Exercise goal: Leave every picture out. Set down all the lines below exactly.

Raw data:
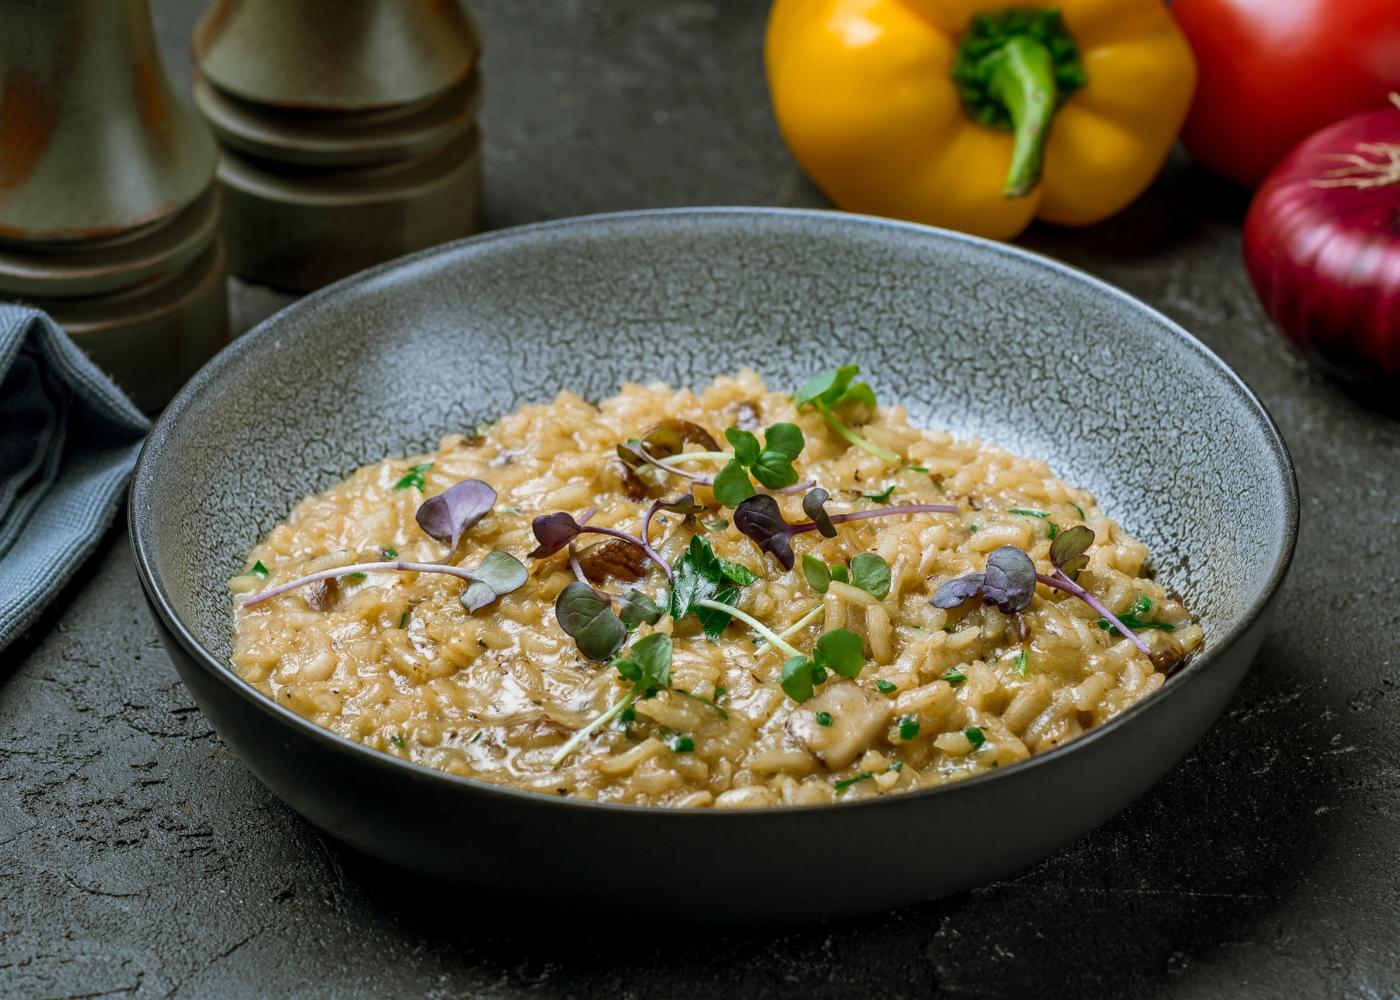 prato com risotto de carne picada
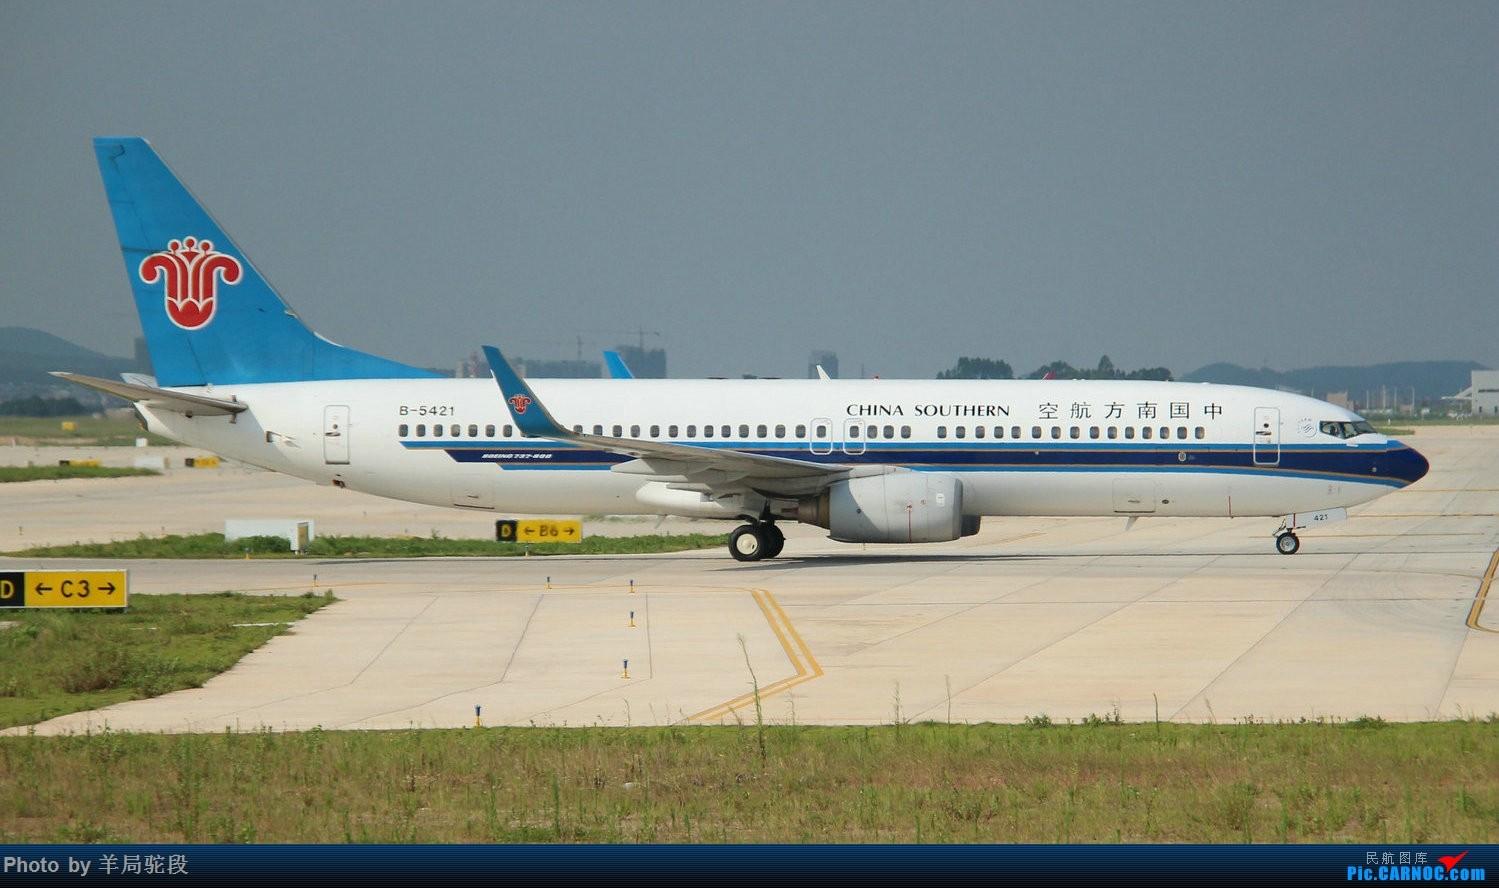 Re:[原创]『庆祝南航广西分公司成立22周年,广航现役18架737合集』 BOEING 737-800 B-5421 中国南宁吴圩国际机场
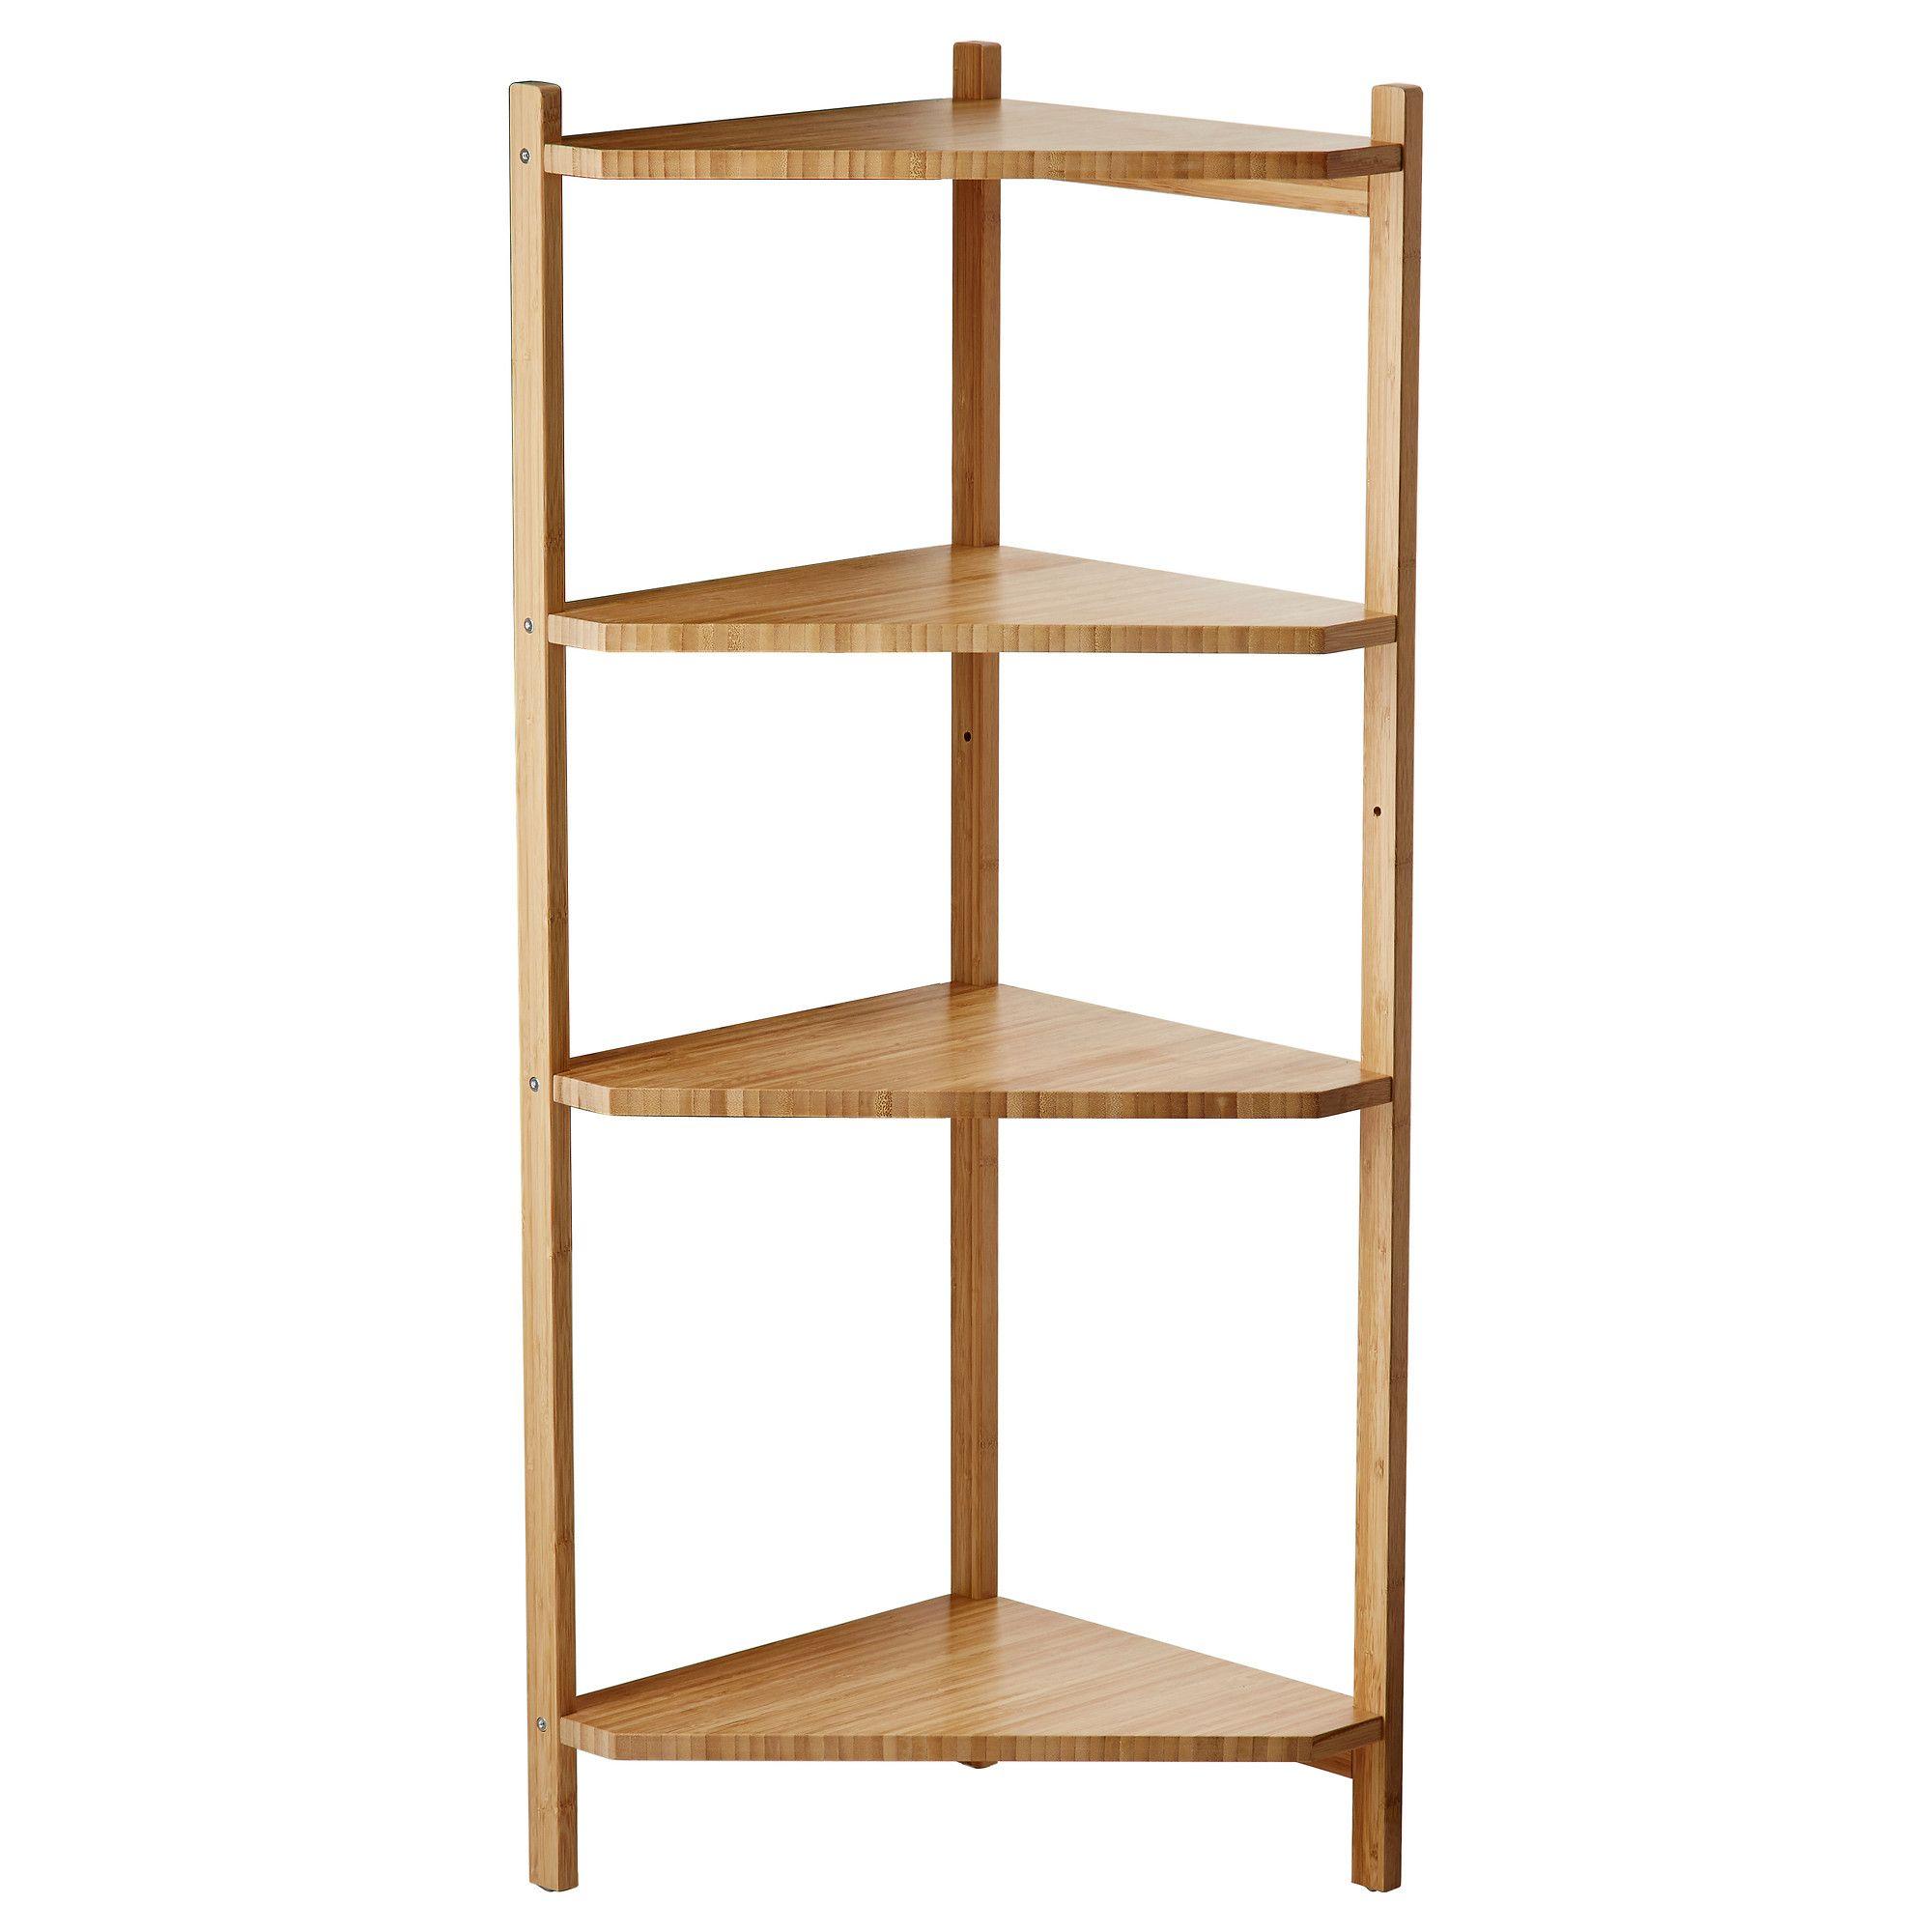 RÅGRUND Corner Shelf Unit   IKEA

Result of this task:
 prato com risotto de carne picada
 Re:[原创]『庆祝南航广西分公司成立22周年,广航现役18架737合集』 BOEING 737-800 B-5421 中国南宁吴圩国际机场
 RÅGRUND Corner Shelf Unit   IKEA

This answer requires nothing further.